Records for this task:

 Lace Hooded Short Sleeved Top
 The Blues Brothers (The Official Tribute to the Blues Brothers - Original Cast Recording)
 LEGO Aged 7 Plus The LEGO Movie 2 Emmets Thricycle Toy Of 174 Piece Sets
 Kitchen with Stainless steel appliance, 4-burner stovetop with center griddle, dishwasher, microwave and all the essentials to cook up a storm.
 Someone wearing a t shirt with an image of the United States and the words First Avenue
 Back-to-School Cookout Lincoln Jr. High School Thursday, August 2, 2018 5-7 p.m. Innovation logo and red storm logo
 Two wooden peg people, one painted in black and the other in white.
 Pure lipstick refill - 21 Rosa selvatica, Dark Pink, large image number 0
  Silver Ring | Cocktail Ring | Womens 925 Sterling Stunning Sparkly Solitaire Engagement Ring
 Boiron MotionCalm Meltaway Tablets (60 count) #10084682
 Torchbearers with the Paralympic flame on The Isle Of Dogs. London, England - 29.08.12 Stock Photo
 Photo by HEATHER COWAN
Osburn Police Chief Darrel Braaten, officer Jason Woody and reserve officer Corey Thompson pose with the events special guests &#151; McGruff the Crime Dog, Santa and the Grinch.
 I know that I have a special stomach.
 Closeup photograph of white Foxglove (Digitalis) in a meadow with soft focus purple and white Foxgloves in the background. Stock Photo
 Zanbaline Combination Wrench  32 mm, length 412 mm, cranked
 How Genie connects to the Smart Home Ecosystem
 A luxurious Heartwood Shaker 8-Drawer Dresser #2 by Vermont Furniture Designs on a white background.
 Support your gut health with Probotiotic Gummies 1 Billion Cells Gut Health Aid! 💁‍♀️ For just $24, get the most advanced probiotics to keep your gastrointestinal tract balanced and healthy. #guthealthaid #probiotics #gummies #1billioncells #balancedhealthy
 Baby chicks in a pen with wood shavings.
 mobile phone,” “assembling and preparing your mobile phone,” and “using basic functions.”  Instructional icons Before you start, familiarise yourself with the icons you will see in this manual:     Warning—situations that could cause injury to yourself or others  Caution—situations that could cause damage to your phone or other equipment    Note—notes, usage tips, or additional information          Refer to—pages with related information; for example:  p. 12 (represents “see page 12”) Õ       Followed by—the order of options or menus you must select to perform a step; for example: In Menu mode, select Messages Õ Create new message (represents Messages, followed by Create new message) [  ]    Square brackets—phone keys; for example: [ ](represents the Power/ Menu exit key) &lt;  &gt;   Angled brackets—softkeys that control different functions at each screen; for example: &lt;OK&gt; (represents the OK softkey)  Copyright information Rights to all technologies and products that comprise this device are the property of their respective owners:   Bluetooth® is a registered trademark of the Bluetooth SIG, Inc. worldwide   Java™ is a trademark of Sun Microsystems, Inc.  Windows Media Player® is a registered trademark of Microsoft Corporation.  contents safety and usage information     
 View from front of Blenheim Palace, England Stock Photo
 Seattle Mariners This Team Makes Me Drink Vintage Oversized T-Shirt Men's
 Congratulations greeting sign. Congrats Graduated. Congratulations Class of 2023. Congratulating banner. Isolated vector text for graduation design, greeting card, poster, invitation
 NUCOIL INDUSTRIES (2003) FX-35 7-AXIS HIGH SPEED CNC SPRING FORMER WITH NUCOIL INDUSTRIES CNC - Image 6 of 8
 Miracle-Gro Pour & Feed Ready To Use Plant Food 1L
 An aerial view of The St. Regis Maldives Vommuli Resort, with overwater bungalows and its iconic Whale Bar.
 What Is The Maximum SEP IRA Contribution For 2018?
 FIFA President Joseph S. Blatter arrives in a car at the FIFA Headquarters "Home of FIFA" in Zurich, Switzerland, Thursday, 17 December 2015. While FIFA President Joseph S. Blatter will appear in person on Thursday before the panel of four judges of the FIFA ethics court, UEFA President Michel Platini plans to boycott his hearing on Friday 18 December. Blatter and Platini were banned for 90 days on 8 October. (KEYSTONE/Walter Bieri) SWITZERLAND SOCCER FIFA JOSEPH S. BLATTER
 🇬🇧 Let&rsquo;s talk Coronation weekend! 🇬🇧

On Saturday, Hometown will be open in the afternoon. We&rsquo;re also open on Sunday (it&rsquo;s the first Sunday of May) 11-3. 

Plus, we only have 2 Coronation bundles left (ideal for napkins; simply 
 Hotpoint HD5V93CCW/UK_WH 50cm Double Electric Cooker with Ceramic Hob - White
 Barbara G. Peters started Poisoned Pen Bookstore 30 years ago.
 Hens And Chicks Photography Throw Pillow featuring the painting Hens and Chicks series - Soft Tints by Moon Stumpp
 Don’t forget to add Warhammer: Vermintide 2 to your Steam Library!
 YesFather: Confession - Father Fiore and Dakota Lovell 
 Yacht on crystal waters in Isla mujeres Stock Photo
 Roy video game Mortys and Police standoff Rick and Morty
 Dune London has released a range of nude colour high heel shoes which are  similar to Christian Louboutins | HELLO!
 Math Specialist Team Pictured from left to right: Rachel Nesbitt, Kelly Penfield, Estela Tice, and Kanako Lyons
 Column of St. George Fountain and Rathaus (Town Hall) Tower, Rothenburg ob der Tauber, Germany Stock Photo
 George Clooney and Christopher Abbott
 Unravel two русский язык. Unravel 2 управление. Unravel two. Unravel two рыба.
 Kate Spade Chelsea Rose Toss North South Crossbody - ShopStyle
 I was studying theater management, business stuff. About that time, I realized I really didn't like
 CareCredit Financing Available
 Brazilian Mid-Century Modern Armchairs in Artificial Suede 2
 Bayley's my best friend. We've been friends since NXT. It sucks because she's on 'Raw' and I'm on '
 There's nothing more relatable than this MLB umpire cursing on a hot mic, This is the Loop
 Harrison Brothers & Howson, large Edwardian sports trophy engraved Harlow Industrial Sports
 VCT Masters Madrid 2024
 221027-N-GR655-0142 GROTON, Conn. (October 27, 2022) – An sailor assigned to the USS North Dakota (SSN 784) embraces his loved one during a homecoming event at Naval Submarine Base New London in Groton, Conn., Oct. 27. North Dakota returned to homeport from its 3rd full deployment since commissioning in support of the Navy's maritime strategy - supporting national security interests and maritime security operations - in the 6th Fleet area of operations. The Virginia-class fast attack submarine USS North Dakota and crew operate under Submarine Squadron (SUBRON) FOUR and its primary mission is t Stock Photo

Assignment:
Copy out the records once more. Match them exactly.

Solution to this task:
 Lace Hooded Short Sleeved Top
 The Blues Brothers (The Official Tribute to the Blues Brothers - Original Cast Recording)
 LEGO Aged 7 Plus The LEGO Movie 2 Emmets Thricycle Toy Of 174 Piece Sets
 Kitchen with Stainless steel appliance, 4-burner stovetop with center griddle, dishwasher, microwave and all the essentials to cook up a storm.
 Someone wearing a t shirt with an image of the United States and the words First Avenue
 Back-to-School Cookout Lincoln Jr. High School Thursday, August 2, 2018 5-7 p.m. Innovation logo and red storm logo
 Two wooden peg people, one painted in black and the other in white.
 Pure lipstick refill - 21 Rosa selvatica, Dark Pink, large image number 0
  Silver Ring | Cocktail Ring | Womens 925 Sterling Stunning Sparkly Solitaire Engagement Ring
 Boiron MotionCalm Meltaway Tablets (60 count) #10084682
 Torchbearers with the Paralympic flame on The Isle Of Dogs. London, England - 29.08.12 Stock Photo
 Photo by HEATHER COWAN
Osburn Police Chief Darrel Braaten, officer Jason Woody and reserve officer Corey Thompson pose with the events special guests &#151; McGruff the Crime Dog, Santa and the Grinch.
 I know that I have a special stomach.
 Closeup photograph of white Foxglove (Digitalis) in a meadow with soft focus purple and white Foxgloves in the background. Stock Photo
 Zanbaline Combination Wrench  32 mm, length 412 mm, cranked
 How Genie connects to the Smart Home Ecosystem
 A luxurious Heartwood Shaker 8-Drawer Dresser #2 by Vermont Furniture Designs on a white background.
 Support your gut health with Probotiotic Gummies 1 Billion Cells Gut Health Aid! 💁‍♀️ For just $24, get the most advanced probiotics to keep your gastrointestinal tract balanced and healthy. #guthealthaid #probiotics #gummies #1billioncells #balancedhealthy
 Baby chicks in a pen with wood shavings.
 mobile phone,” “assembling and preparing your mobile phone,” and “using basic functions.”  Instructional icons Before you start, familiarise yourself with the icons you will see in this manual:     Warning—situations that could cause injury to yourself or others  Caution—situations that could cause damage to your phone or other equipment    Note—notes, usage tips, or additional information          Refer to—pages with related information; for example:  p. 12 (represents “see page 12”) Õ       Followed by—the order of options or menus you must select to perform a step; for example: In Menu mode, select Messages Õ Create new message (represents Messages, followed by Create new message) [  ]    Square brackets—phone keys; for example: [ ](represents the Power/ Menu exit key) &lt;  &gt;   Angled brackets—softkeys that control different functions at each screen; for example: &lt;OK&gt; (represents the OK softkey)  Copyright information Rights to all technologies and products that comprise this device are the property of their respective owners:   Bluetooth® is a registered trademark of the Bluetooth SIG, Inc. worldwide   Java™ is a trademark of Sun Microsystems, Inc.  Windows Media Player® is a registered trademark of Microsoft Corporation.  contents safety and usage information     
 View from front of Blenheim Palace, England Stock Photo
 Seattle Mariners This Team Makes Me Drink Vintage Oversized T-Shirt Men's
 Congratulations greeting sign. Congrats Graduated. Congratulations Class of 2023. Congratulating banner. Isolated vector text for graduation design, greeting card, poster, invitation
 NUCOIL INDUSTRIES (2003) FX-35 7-AXIS HIGH SPEED CNC SPRING FORMER WITH NUCOIL INDUSTRIES CNC - Image 6 of 8
 Miracle-Gro Pour & Feed Ready To Use Plant Food 1L
 An aerial view of The St. Regis Maldives Vommuli Resort, with overwater bungalows and its iconic Whale Bar.
 What Is The Maximum SEP IRA Contribution For 2018?
 FIFA President Joseph S. Blatter arrives in a car at the FIFA Headquarters "Home of FIFA" in Zurich, Switzerland, Thursday, 17 December 2015. While FIFA President Joseph S. Blatter will appear in person on Thursday before the panel of four judges of the FIFA ethics court, UEFA President Michel Platini plans to boycott his hearing on Friday 18 December. Blatter and Platini were banned for 90 days on 8 October. (KEYSTONE/Walter Bieri) SWITZERLAND SOCCER FIFA JOSEPH S. BLATTER
 🇬🇧 Let&rsquo;s talk Coronation weekend! 🇬🇧

On Saturday, Hometown will be open in the afternoon. We&rsquo;re also open on Sunday (it&rsquo;s the first Sunday of May) 11-3. 

Plus, we only have 2 Coronation bundles left (ideal for napkins; simply 
 Hotpoint HD5V93CCW/UK_WH 50cm Double Electric Cooker with Ceramic Hob - White
 Barbara G. Peters started Poisoned Pen Bookstore 30 years ago.
 Hens And Chicks Photography Throw Pillow featuring the painting Hens and Chicks series - Soft Tints by Moon Stumpp
 Don’t forget to add Warhammer: Vermintide 2 to your Steam Library!
 YesFather: Confession - Father Fiore and Dakota Lovell 
 Yacht on crystal waters in Isla mujeres Stock Photo
 Roy video game Mortys and Police standoff Rick and Morty
 Dune London has released a range of nude colour high heel shoes which are  similar to Christian Louboutins | HELLO!
 Math Specialist Team Pictured from left to right: Rachel Nesbitt, Kelly Penfield, Estela Tice, and Kanako Lyons
 Column of St. George Fountain and Rathaus (Town Hall) Tower, Rothenburg ob der Tauber, Germany Stock Photo
 George Clooney and Christopher Abbott
 Unravel two русский язык. Unravel 2 управление. Unravel two. Unravel two рыба.
 Kate Spade Chelsea Rose Toss North South Crossbody - ShopStyle
 I was studying theater management, business stuff. About that time, I realized I really didn't like
 CareCredit Financing Available
 Brazilian Mid-Century Modern Armchairs in Artificial Suede 2
 Bayley's my best friend. We've been friends since NXT. It sucks because she's on 'Raw' and I'm on '
 There's nothing more relatable than this MLB umpire cursing on a hot mic, This is the Loop
 Harrison Brothers & Howson, large Edwardian sports trophy engraved Harlow Industrial Sports
 VCT Masters Madrid 2024
 221027-N-GR655-0142 GROTON, Conn. (October 27, 2022) – An sailor assigned to the USS North Dakota (SSN 784) embraces his loved one during a homecoming event at Naval Submarine Base New London in Groton, Conn., Oct. 27. North Dakota returned to homeport from its 3rd full deployment since commissioning in support of the Navy's maritime strategy - supporting national security interests and maritime security operations - in the 6th Fleet area of operations. The Virginia-class fast attack submarine USS North Dakota and crew operate under Submarine Squadron (SUBRON) FOUR and its primary mission is t Stock Photo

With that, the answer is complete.